В тамбуре громко хлопнула дверь. Это он, подумал Лот. Сейчас войдет старик с фонарем. Но никто не входил. Дверь оставалась закрытой, а в тамбуре шла какая-то возня; с грохотом упала на пол стамеска. Он снова напился, подумал Лот, Борер намекнул на это, когда они ложились. «Надо пойти его поискать», — сказал Филиппис. «Оставь, — ответил кто-то, — никуда он не денется, а дождь ему только на пользу».

Все замолчали, и только Гримм еще сказал, прежде чем погасить лампу: «Если он и дальше будет так набираться, как сегодня… Придется с ним снова поговорить». Поговорить, подумал Лот, и ему вспомнилось, как он в первый раз заметил, что с отцом что-то неладно. И хотя он противился этому, и закрывал глаза, и пытался заснуть, неясные картины всплывали, становились отчетливыми, потом наплывали друг на друга, но снова медленно и беспощадно прояснялись; перед ним была снова могучая спина, он прижался к ней ухом и слышал, как отец хриплым голосом напевает, проезжая по мосту. Потом отец сбавил скорость, Лот заметил, что дома в сумерках заскользили медленнее, а потом они подъехали к одному дому и остановились. Этот дом был трактир, они сошли с мотоцикла, и отец сказал ему; «Пойдем». Они вошли в большую комнату, где играла музыка. Там стояли столы и стулья. За стойкой сидела женщина. Она повернула голову и, взглянув на них, засмеялась.

Лот остановился. Он не мог отвести от нее глаз. Она была красивая и страшная, с ярко-красным ртом и белоснежными зубами. Он впервые видел такую женщину, страшную и красивую, и с веселым лицом, и она поманила его. «Иди, иди», — тихо позвала она. Ее голос словно доносился издалека, из земли, из воздуха, или из реки, из Ааре, и он не мог двинуться и не мог ни о чем думать, такая она была красивая.

«Да иди же, наконец!» — крикнул отец. Тогда он, не глядя на нее, прошел мимо стойки со стеклянной витриной и сел на краешек стула, на который кивком указал ему отец, — сам он уже сидел за столом напротив.

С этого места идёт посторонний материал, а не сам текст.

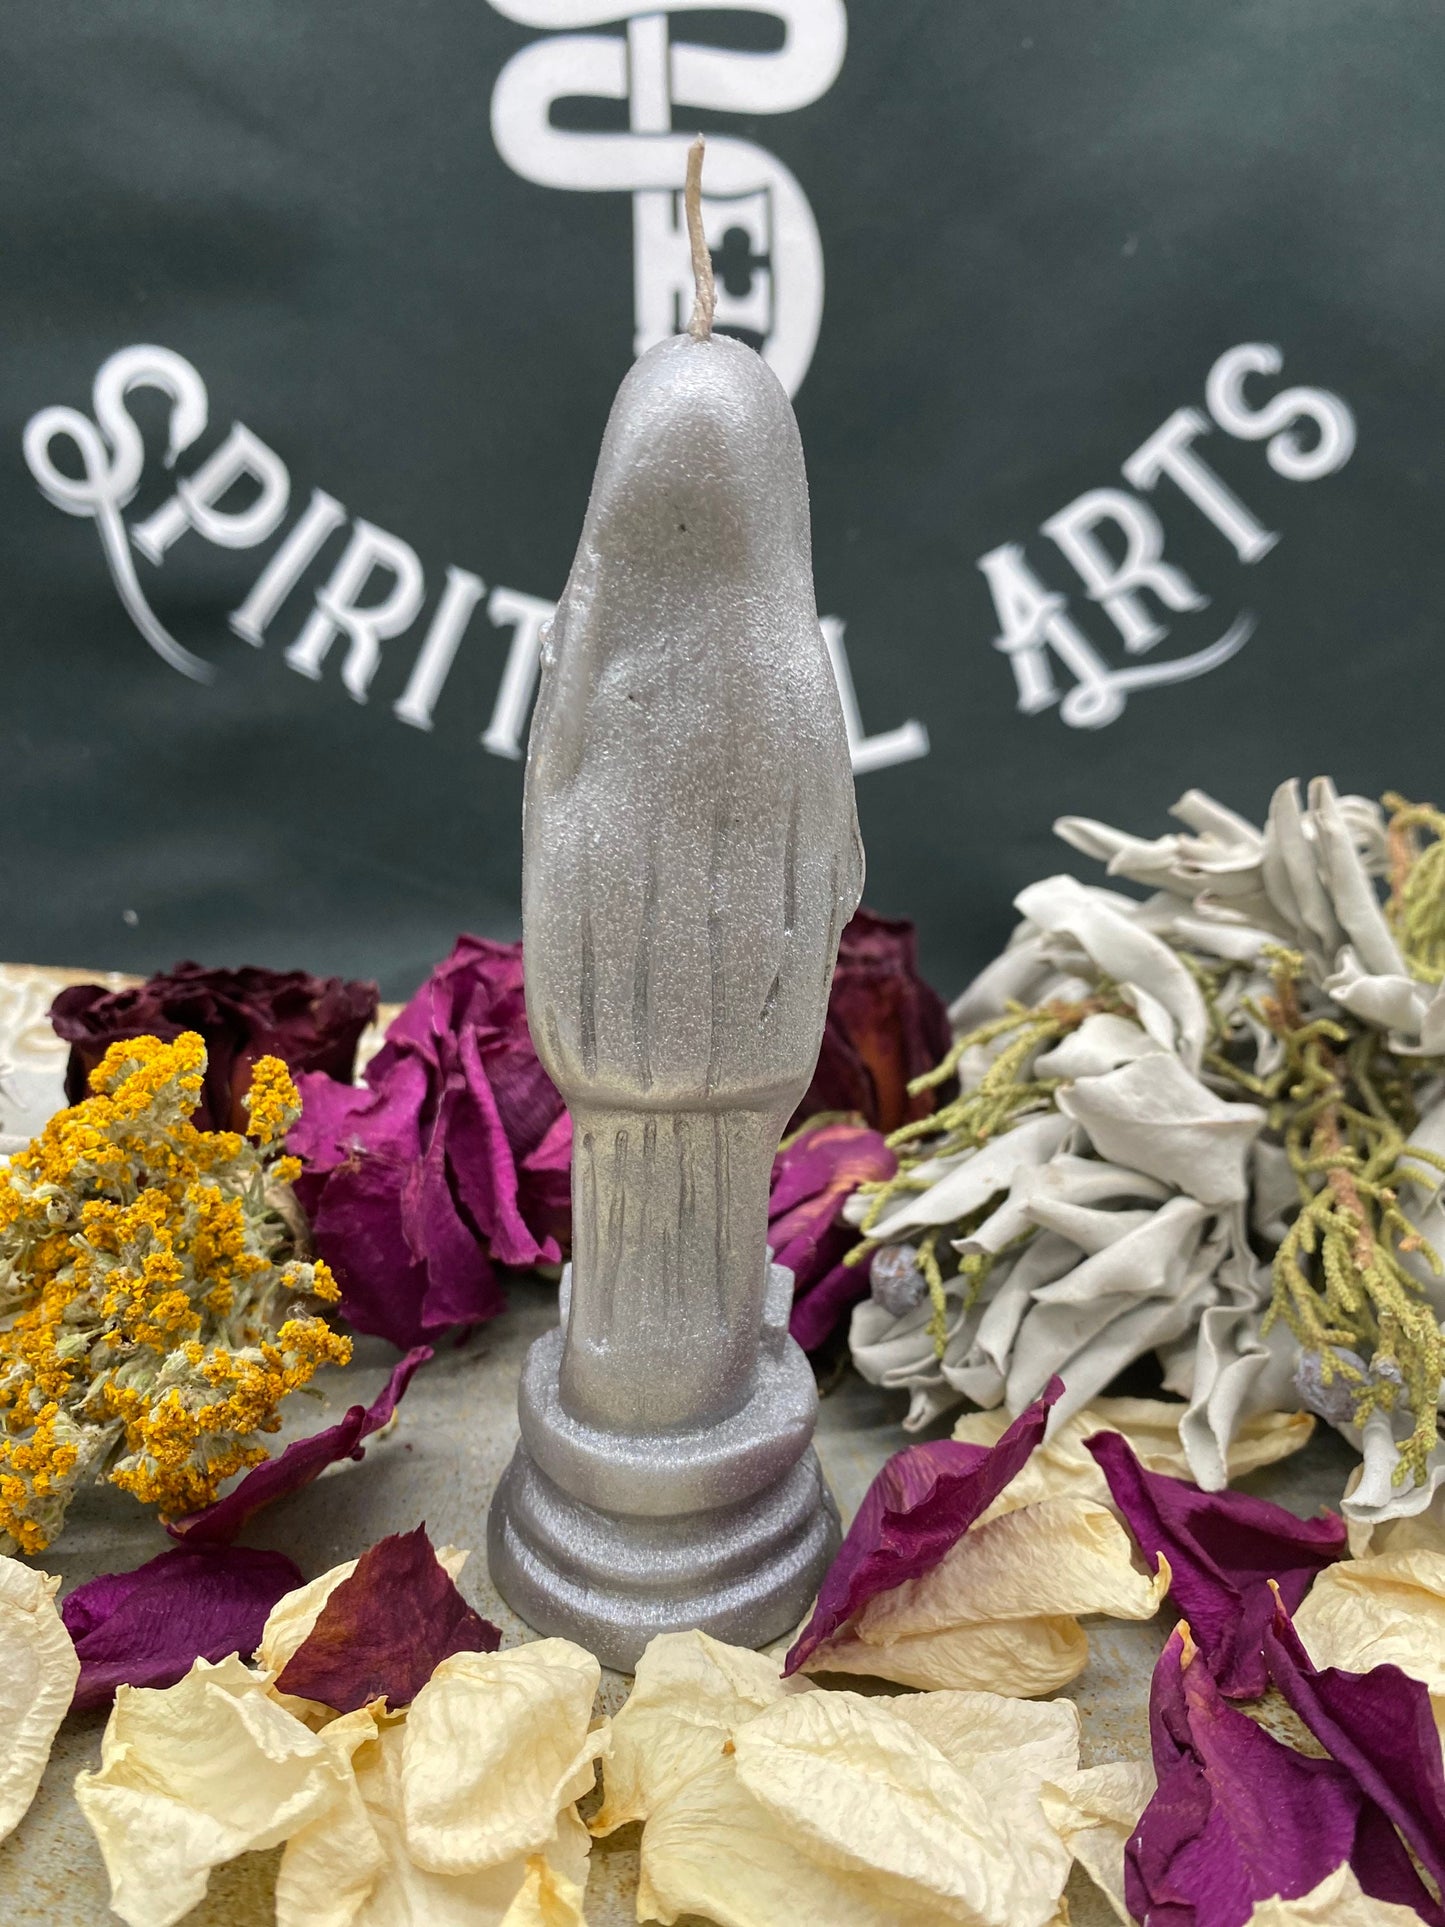 Santa Muerte Plata Figure Candle + Sterling Silver + Improve Finances + Gambling

Женщина, все думал он; он почувствовал, как она легко подошла к столу, увидел её руку, длинную, мерцающую женскую руку, усыпанную золотыми жемчужинками пены из стакана, который она поставила перед ним; его окружил запах дыма, и спелых яблок, и женщины, и некоторое время было тихо. Рука, которую он протянул за стаканом, дрожала. И тут она коснулась его. Щекой он почувствовал тепло ее руки еще прежде, чем ощутил ее плоть, и оно пронизало его до слабости в коленках. Он не двигался. Издалека донесся ее голос: «Значит, ты Лотар?» Он не двигался.